There are two ways to handle parallel requests to the server. Streaming (threaded, synchronous) servers use a multitude of simultaneously running threads, each of which processes a single request. At this time event (evented, asynchronous) servers perform a single event loop that processes all requests.
To select one of the two approaches, you need to determine the server load profile.
Suppose each request requires
c milliseconds of CPU and
w milliseconds of real time for processing. CPU time is spent on active computations, and real time includes all requests to external resources. For example, a request requires 5 ms of time
c from the CPU and 95 ms to wait for a response from the database. The result is 100ms. Let's also assume that the streaming server version can support up to
t streams before scheduling and context switching problems begin.
If each request only requires CPU time to process, the server is able to respond to at most 1000 /
c requests per second. For example, if each request takes 2 milliseconds of CPU time, then it will be 1000/2 = 500 requests per second.
')
In general, a multi-threaded server is able to handle
t * 1000 /
w requests per second.
The throughput of the streaming server is the minimum of these expressions (1000 /
c and
t * 1000 /
w ). The event server is limited only by the CPU performance (1000 /
c ), since it uses only one thread. Everything described above can be expressed as follows:
def max_request_rate(t, c, w): cpu_bound = 1000. / c thread_bound = t * 1000. / w print 'threaded: %d\nevented: %d' % (min(cpu_bound, thread_bound), cpu_bound)
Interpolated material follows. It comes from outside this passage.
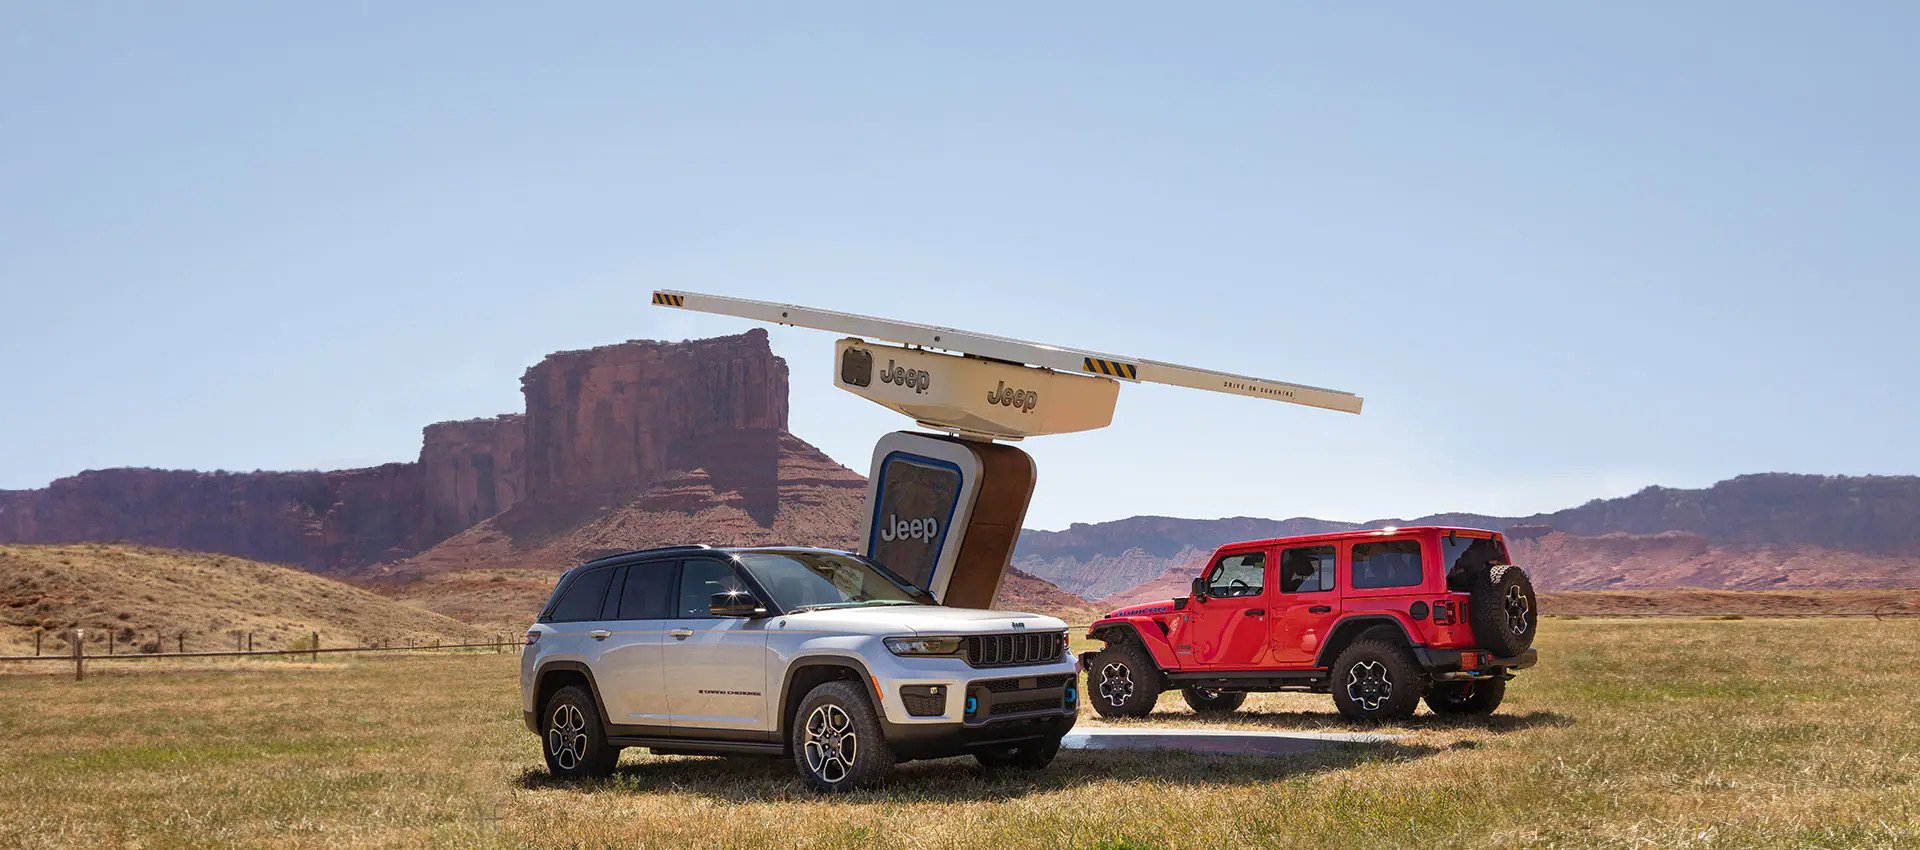 If you want an iconic Jeep that's unmistakable and perfect for any lifestyle, stop by Franklin Chrysler Dodge Jeep Ram. 
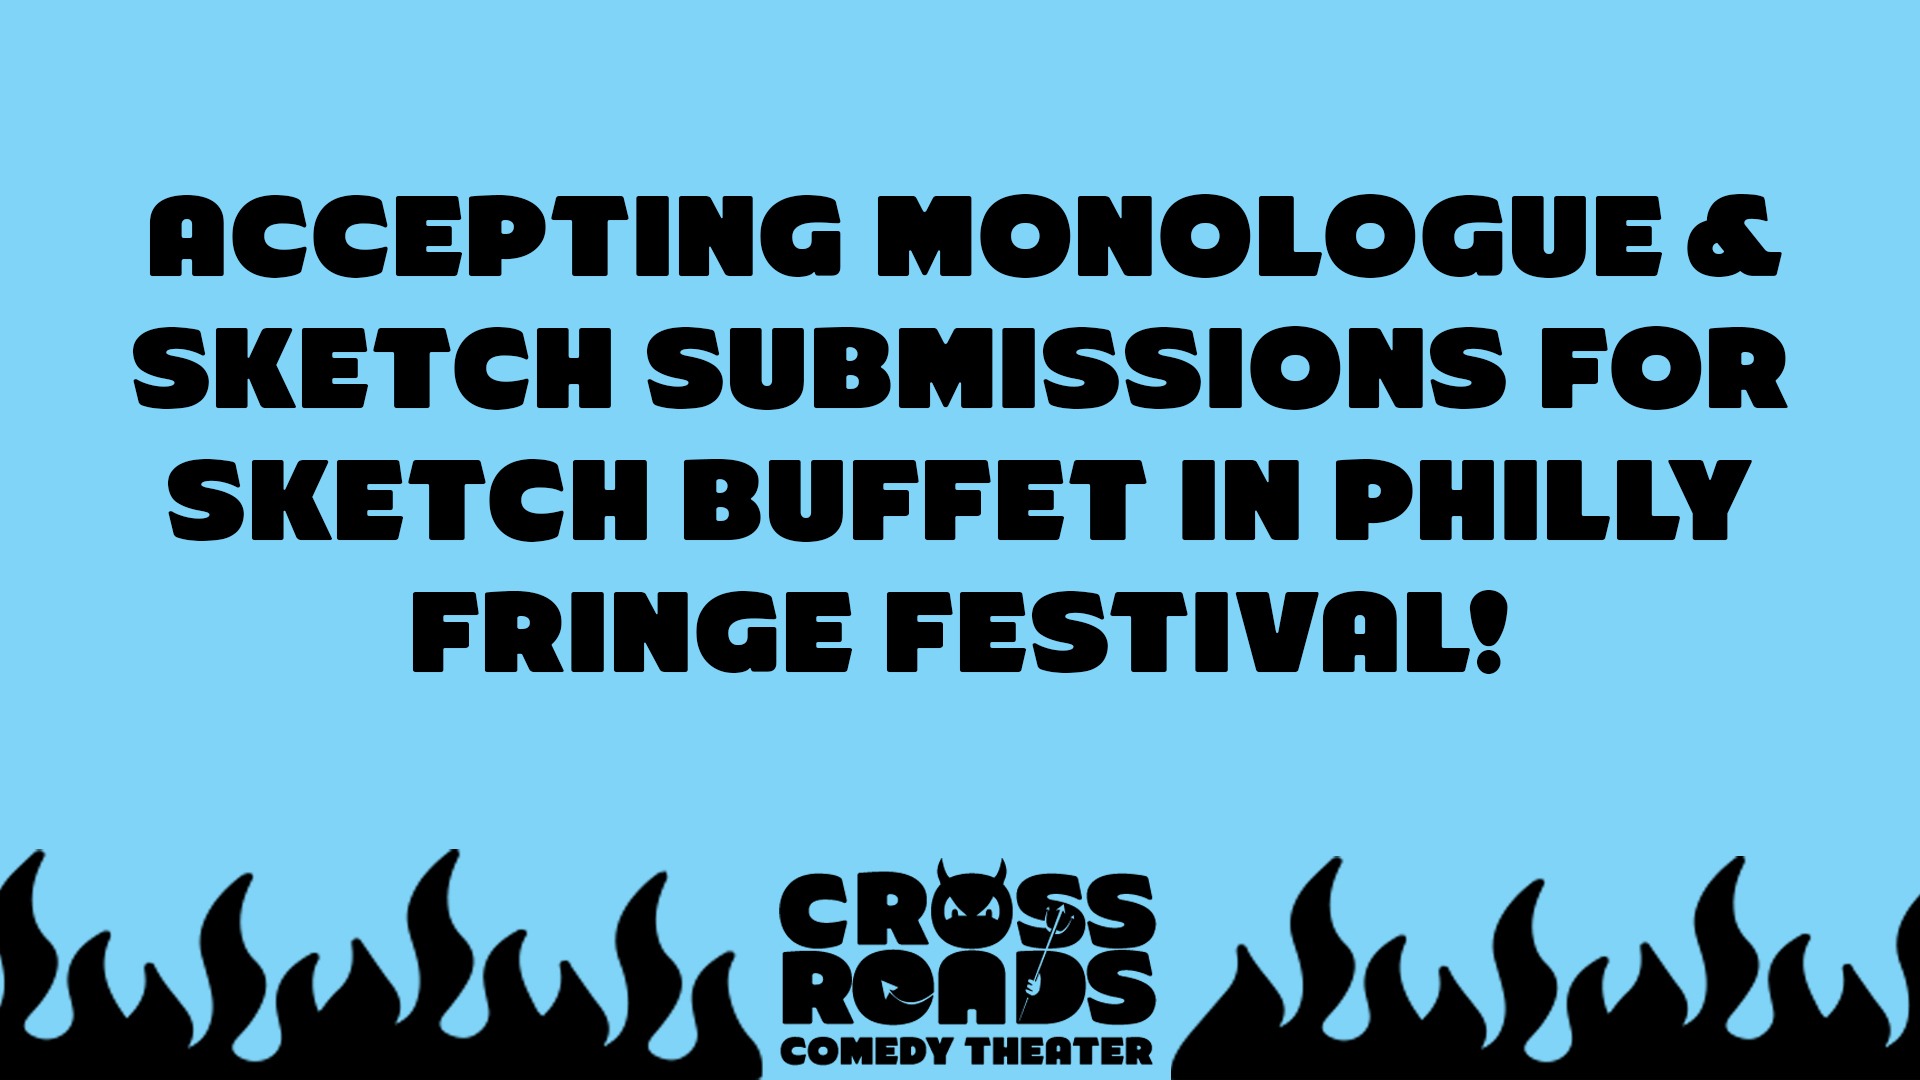 Accepting Submissions for Sketch Buffet in Philly Fringe Festival!

Now consider the different types of servers and see how they show themselves in a different implementation.
For examples, I will use
t = 100.
Let's start with a classic example: HTTP proxy server. This type of server requires almost no CPU time, so suppose that
c = 0.1 ms. Suppose that the following servers receive a delay, say
w = 50 ms. Then we get:
>>> max_request_rate(100, 0.1, 50) threaded: 2000 evented: 10000
Our calculations show that the streaming server will be able to process 2,000 requests per second, and event-driven 10,000. The high performance of the event server tells us that the number of streams has become a bottleneck for the streaming server.
Another example is a web application server. First, consider the case of an application that does not require any external resources, but makes certain calculations. The processing time will be, say, 5 ms. Because no blocking calls are made, the time
w will also be 5 ms. Then:
>>> max_request_rate(100, 5, 5) threaded: 200 evented: 200
In this case, CPU performance was a bottleneck.
Now imagine that the application needs to request data from an external resource and the CPU time is 0.5 ms, and the total time
w = 100 ms.
>>> max_request_rate(100, 0.5, 100) threaded: 1000 evented: 2000
As can be seen from simple calculations, and indeed from mathematics, a synchronous streaming implementation will not have greater performance than an asynchronous event.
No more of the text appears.